We have teams of people committed to bringing these products to market quickly,” said White. “It’s an area that we are investing in sizably and we will be in-market this calendar year — and maybe sooner than you think.”

Such developments have reportedly resulted in rumors that Beyond Meat may have requested that Tyson sell its stake, as it did not want members from Tyson Ventures present any longer at its Board meetings, and fear grew that Tyson would interfere with potential M&As.

Beyond IPO

Although Beyond Meat has been private since its launch in 2009 due in large part to the $122 million in funding it raised from some of the sector’s most prominent investors over the course of its life, Beyond Meat made its intentions for an IPO first known in November of last year.

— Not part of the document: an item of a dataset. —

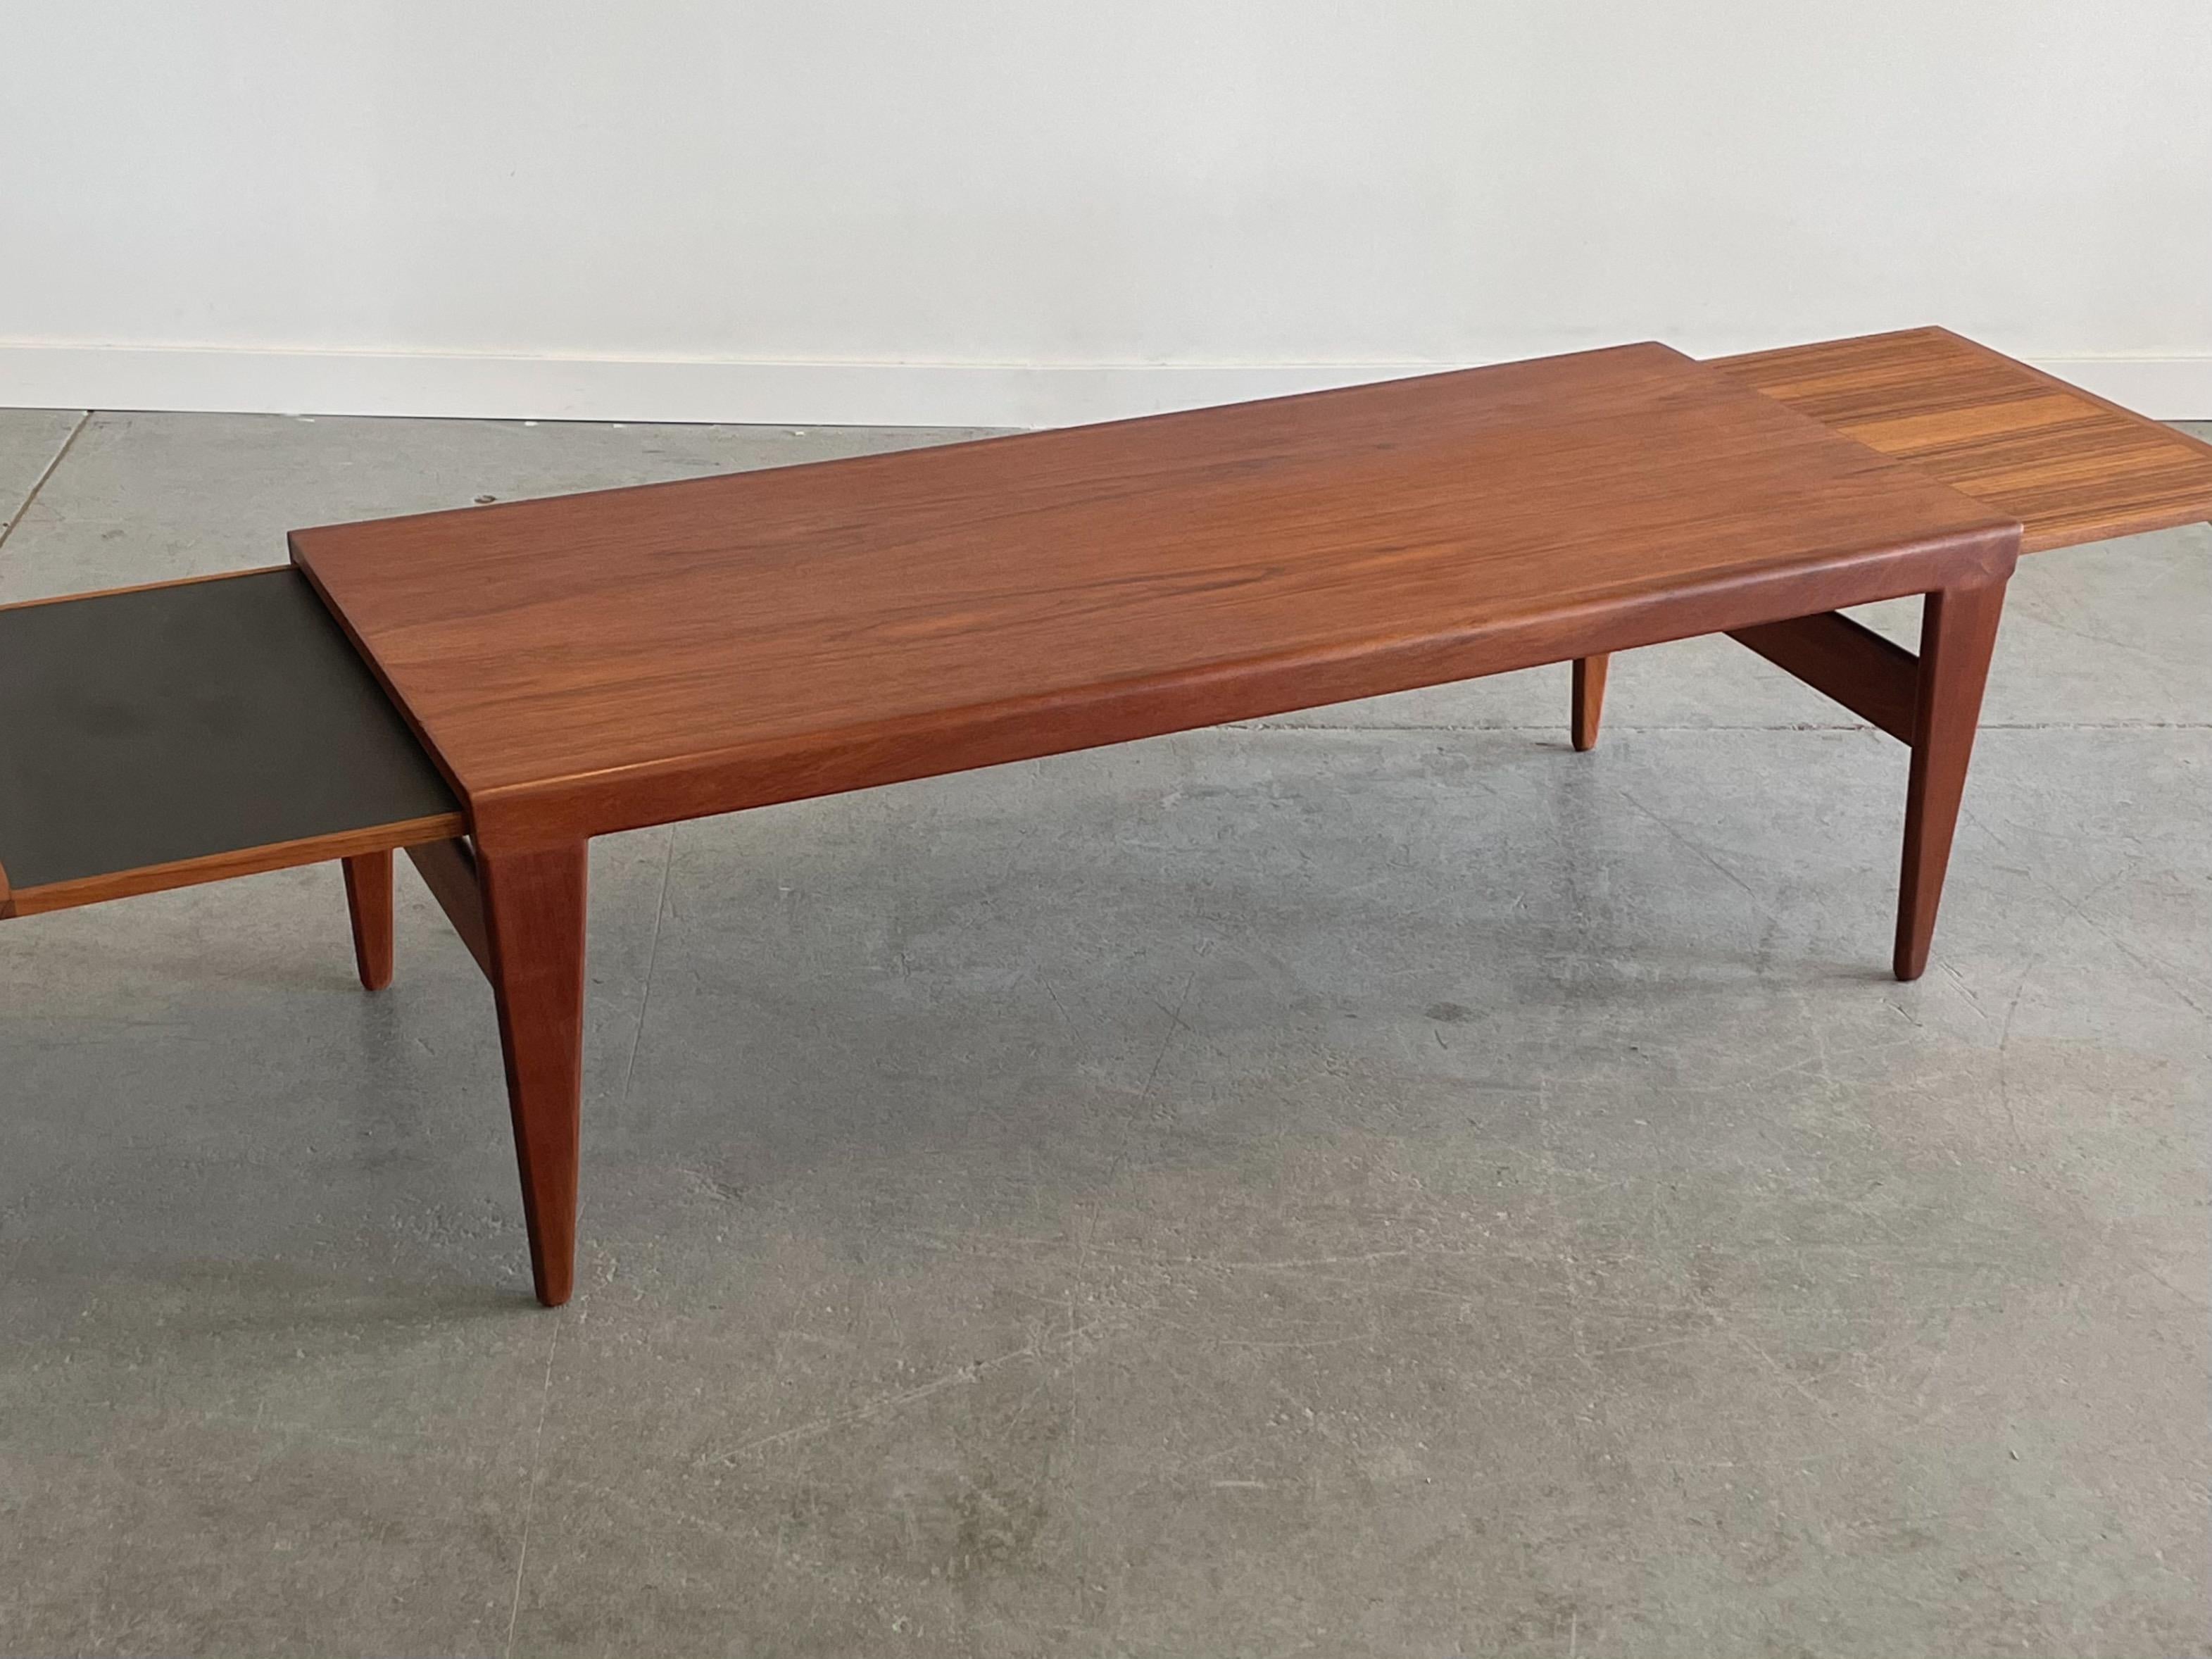 Expanding teak coffee table designed by Illum Wikkelso for Koefoeds, Denmark. This piece features a substantial and beautifully sculpted profile with nicely tapered legs. There is a pull-out for expansion on each side, one with black laminate.

At the time, the company stated in filings with the SEC that it was targeting to raise $100 millionwhich would be used to offer its early investors an exit opportunity while also funding its expansion plans.

Five months later, and the company has now increased its targeted goal to $183.8 million, with a common stock price of between $19 and $21 per share, giving the company a market value of $1.21 billion.

With projections that the U.S. plant-based meat alternative market could reach a value of $35 billion, and Beyond Meat’s IPO valuation placing Tyson’s stake value at just about $79 billion, Tyson has nonetheless decided to divest before the IPO commences, possibly driven by the fact that Beyond Meat has yet to be profitable, losing $29.9 million last year.